Example: Bob is taking a survey about his favorite kinds of cars. A question asks Bob how much he agrees with the statement “Red is the best color for cars.” The response options are:
Bob doesn’t strongly disagree that red is the best color for cars. However, he doesn’t like red, and because the scale is not balanced with positive and negative options it is his only negative choice. Researchers who look at this data may misjudge how strongly people disagree that red is their favorite car color.
Later on in the same survey, Bob reads the following question:
“Of all of the previous questions, which one was asked that you don’t think should have been omitted from this survey?”
Bob leaves the survey question blank because he is confused by the wording and decides he is not sure what it is asking. Researchers do not collect data for that question and miss out on valuable information.
The final section of the survey is a long series of questions that ask Bob to pick his favorite car brand is in various scenarios. Bob doesn’t really care about car brands, so he just quickly picks the first brand in each of the scenarios. The first brand option is always “Cool Brand X,” so when researchers interpret this data they overestimate how popular “Cool Brand X,” really is.
How to minimize: Measurement error can be the most difficult to avoid, as there are many possible sources. Still, some of the most common solutions include: 1) Avoid having questions that do not allow respondents to express their true opinion, 2) Avoid having confusing questions, and 3) Avoid question order effects.
Survey questions often use scales to try to understand how interested a respondent is in something, to what extent they agree with something, or some other measurement that can be placed a positive to negative spectrum. When using scales such as these, researchers can reduce measurement error by ensuring the scales are balanced, so as to give respondents a better chance to properly express their opinion. Additionally, for questions that respondents may not be able to or feel comfortable answering, surveys can benefit from adding ‘I don’t know,” or “I prefer not to answer,” response options, to avoid respondents either refusing to answer completely or intentionally answering incorrectly.
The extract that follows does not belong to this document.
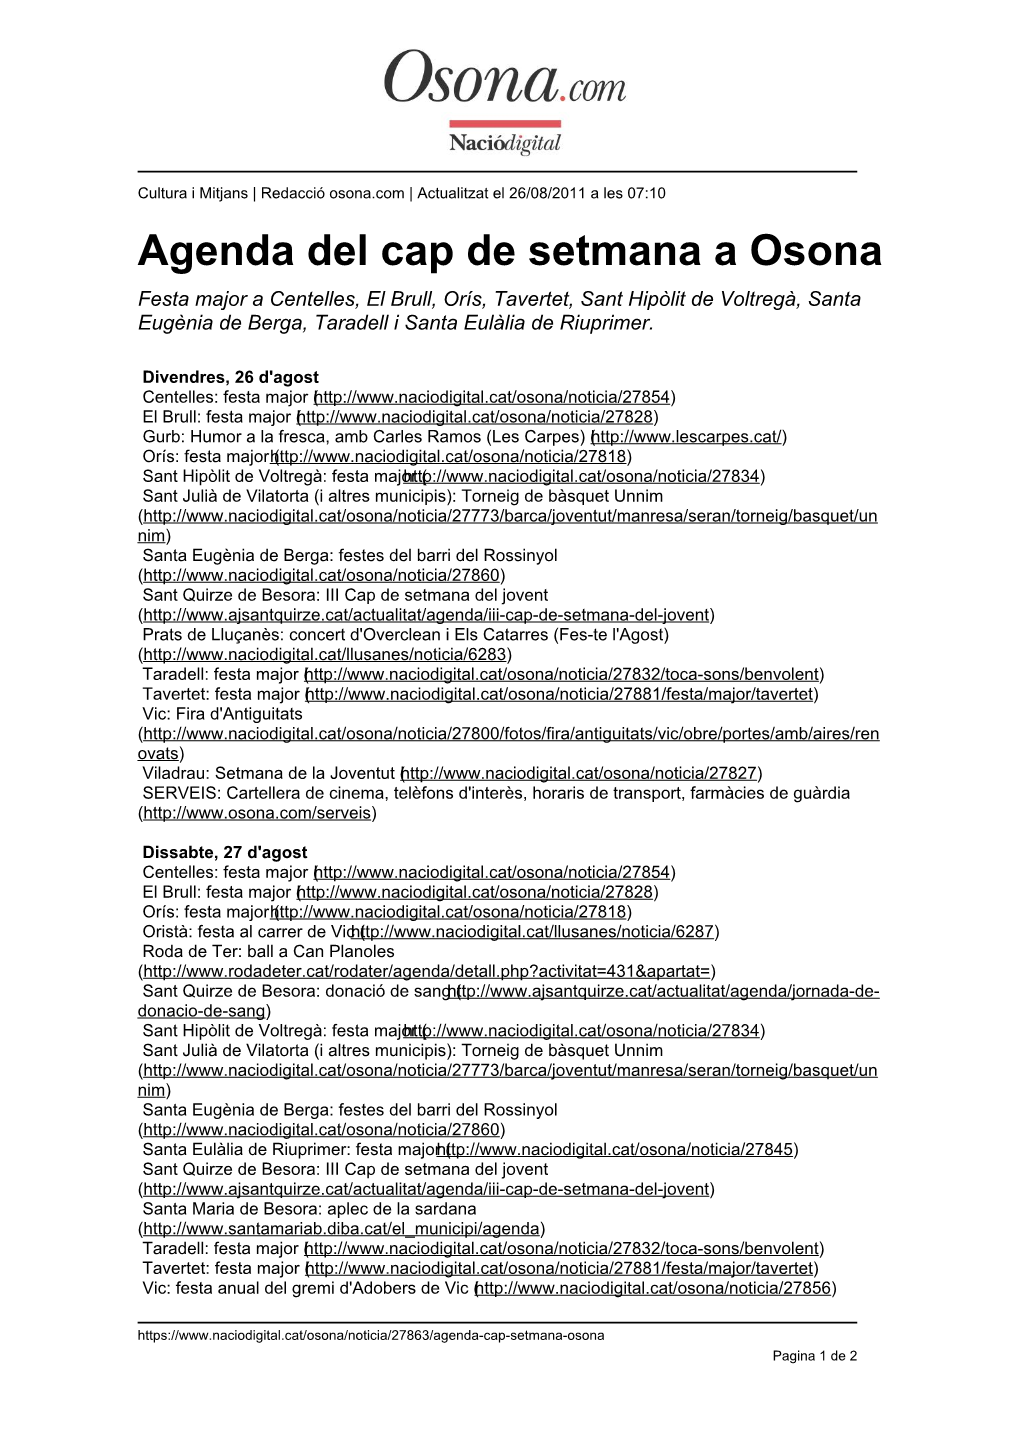 Agenda Del Cap De Setmana a Osona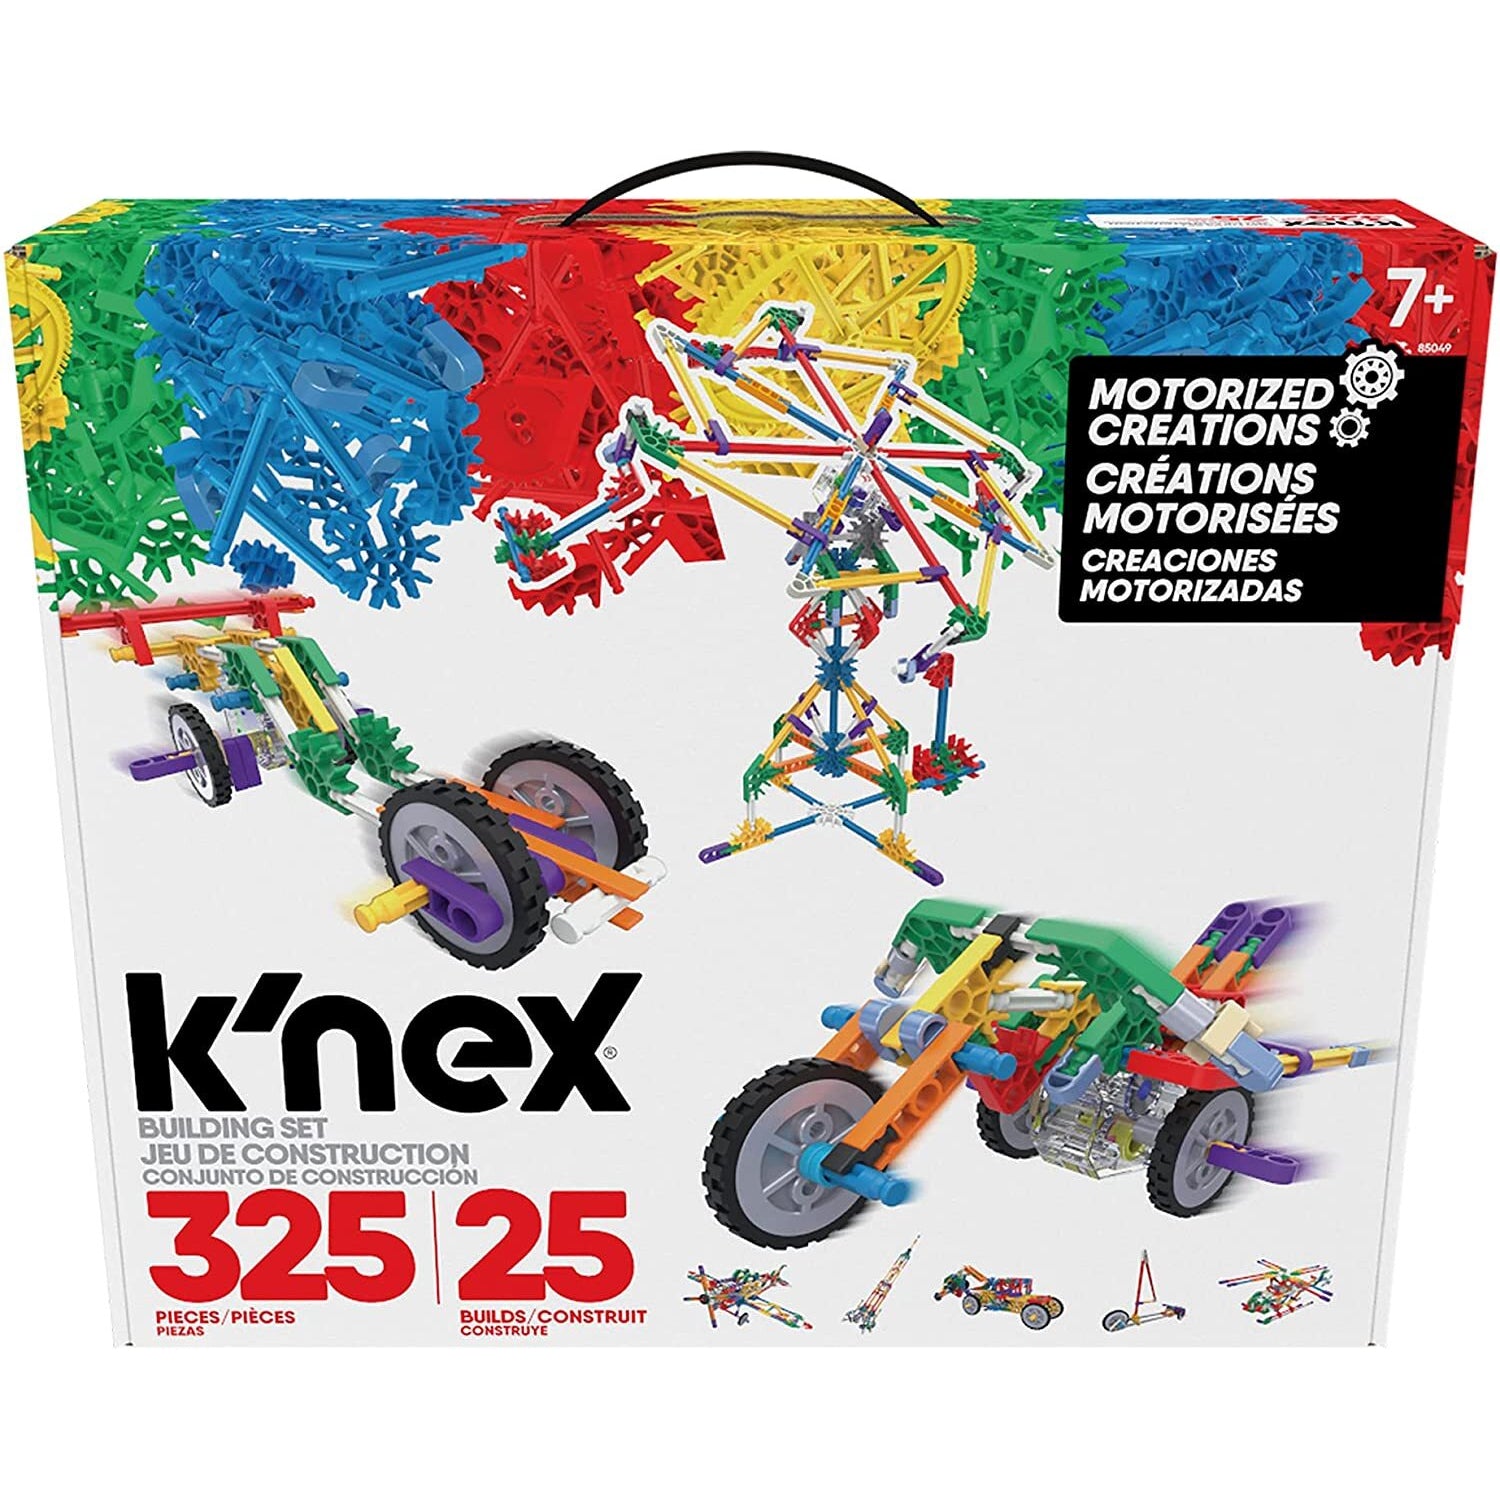 Knex 电动创作 -25 款 / 325 件

Make sure questions are no more complicated than they need to be. By having simple questions that avoid double negative, confusing phrasing, or ambiguous words, researchers can avoid instances where respondents do not understand how to properly answer.
There are many types of question order effects. The order of the responses in a question or the order of the questions in the survey itself can affect how respondents answer. Respondents may pick the first response they see, the last response they hear, the response they feel best aligns with their previous survey answers, or otherwise answer the survey questions in a way that is impacted by question and response order. By randomizing the presentation of response options, or the order of questions where appropriate, researchers can negate question order effects.
Survey error always exists in the real world. However, by understanding common sources of survey error and equipping themselves with tools to combat their effects, researchers can still confidently draw conclusions from their data.
Dillman, D., Smyth, J., & Christian, L. Internet, Phone, Mail, and Mixed-Mode Surveys: The Tailored Design Method. Fourth Edition. 2014.
Lohr, S. Sampling: Design and Analysis. Second Edition. 2010
Lock, R., Lock, P., Morgan, K., Lock, E., & Lock, D. Statistics: Unlocking the Power of Data. 2013.